Sentences: ['Tokenization is crucial in NLP.', 'It helps machines understand language.']


### Exercise 4: Sentence tokenization
### Tokenize the paragraph into individual sentences, observing how NLTK deals with abbreviations.

In [5]:
paragraph = "Dr. Smith is a renowned scientist. He earned his Ph.D. in AI in 2020. Can you believe that?"


### Exercise 5 : Word Tokenization

### Tokenize this sentence into individual words using the word_tokenize function from NLTK.

In [6]:
sentence = "NLTK is a powerful Python library for natural language processing!"

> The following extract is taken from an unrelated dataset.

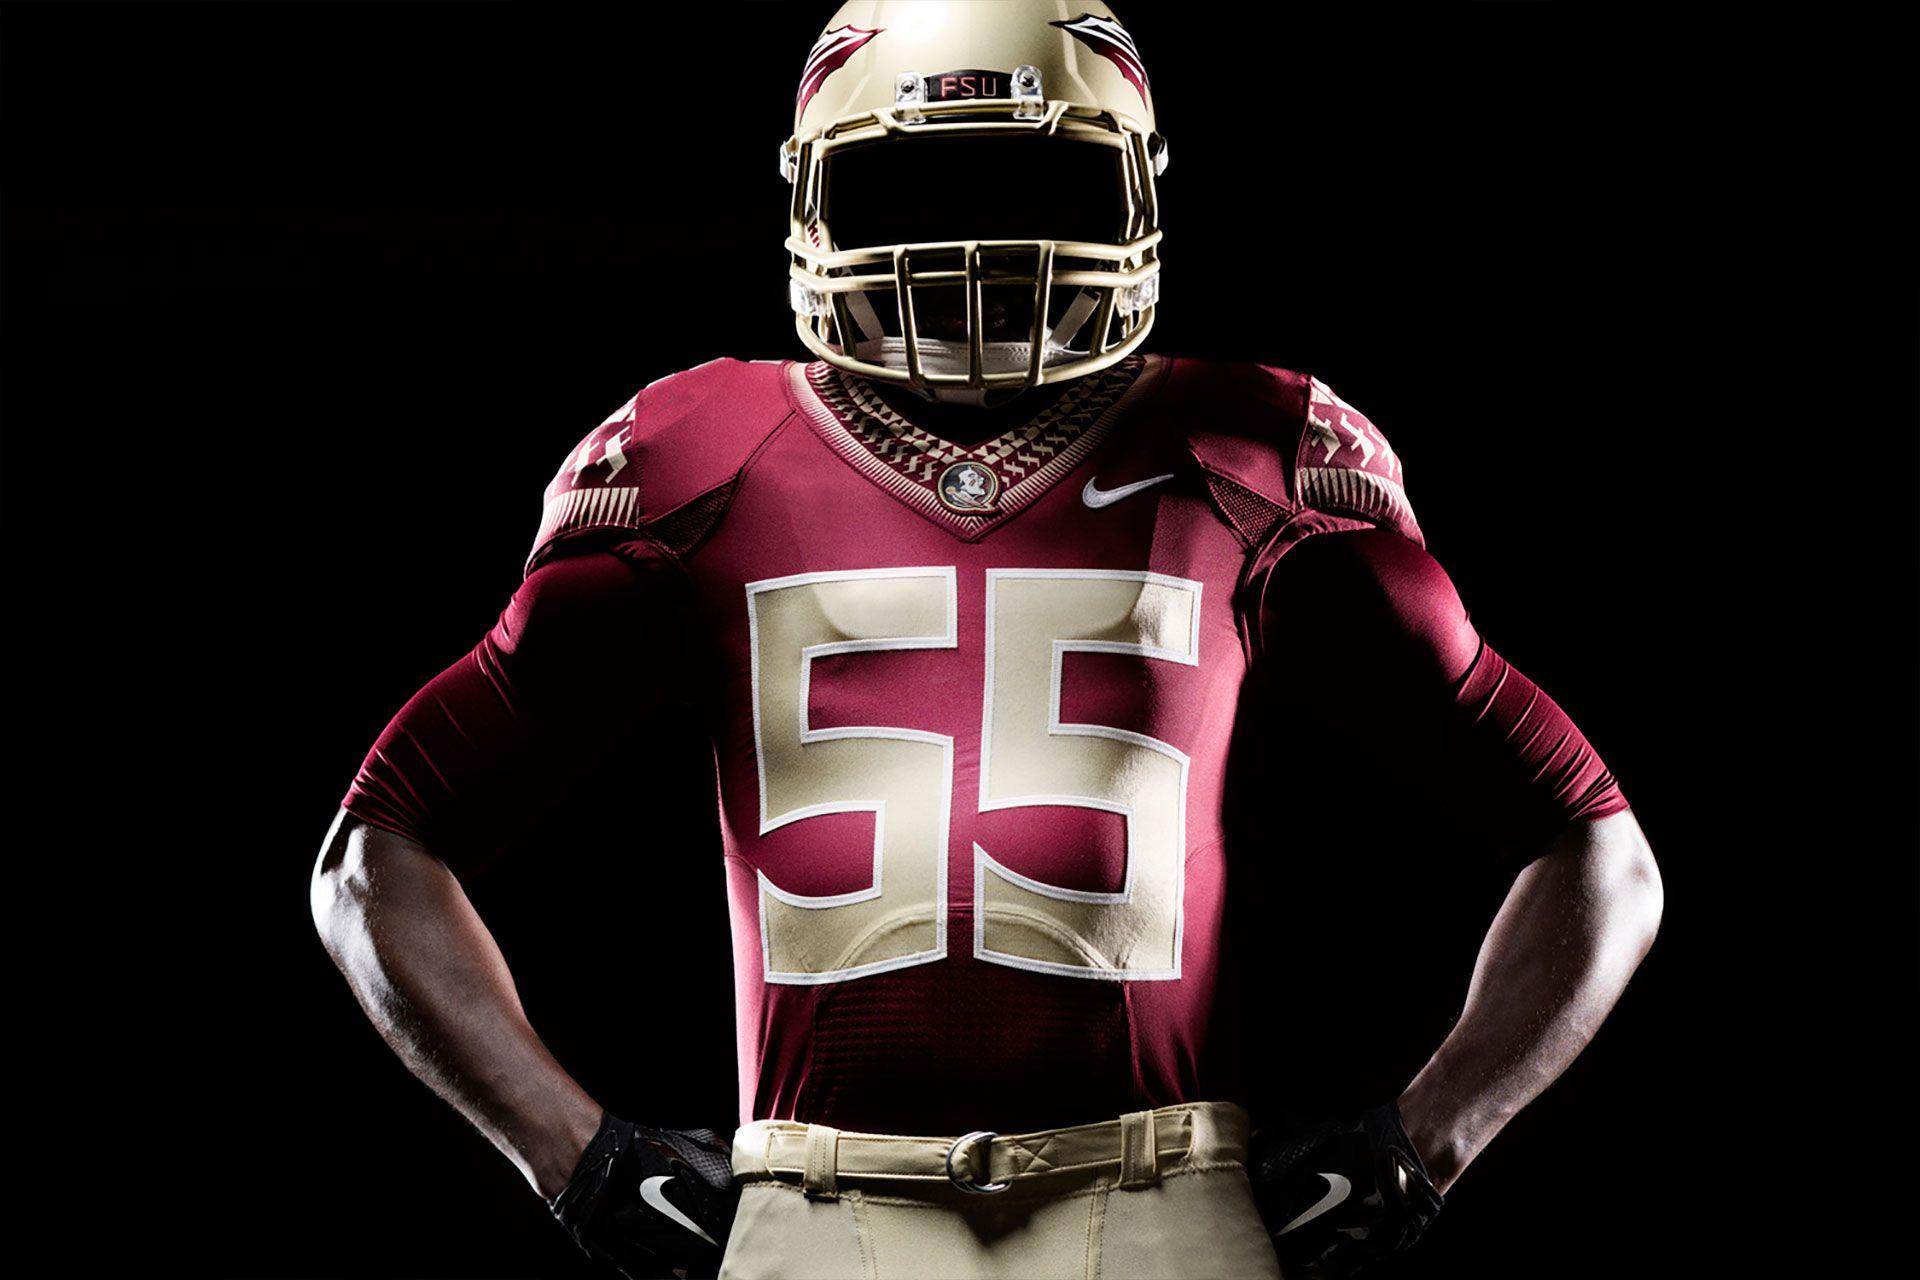 Ignitiontradition Football Uniform Design Football Uniforms Florida State Seminoles Seminole

### Exercise 6: Word tokenize

### Tokenize a sentence into words, remove punctuation, and filter out stop words.

### Hint: use from nltk.corpus import stopwords

In [7]:
sentence = "The quick brown fox, jumps over a lazy dog!"


## 5 Subword Tokenization with Byte Pair Encoding (BPE) 

In [8]:
from transformers import AutoTokenizer

tokenizer = AutoTokenizer.from_pretrained('bert-base-uncased')

text = "Tokenization is a critical step for language models."
tokens = tokenizer.tokenize(text)
print("Subword Tokens:", tokens)


  from .autonotebook import tqdm as notebook_tqdm


Subword Tokens: ['token', '##ization', 'is', 'a', 'critical', 'step', 'for', 'language', 'models', '.']


### Exercise 7 : BPE

### Try tokenizing this sentence: "Deep learning models require tokenization."

## 6 Tokenization Challenges

- Ambiguity: Words like "don't" could be split into ["do", "n't"] depending on the tokenizer. Try asking chatgpt 4o how many 'r' in strawberry

- Languages: Tokenization rules differ by language (e.g., arabic tokenization is more complex).

- Subword vs. Word: The choice of tokenization can significantly affect the performance of models.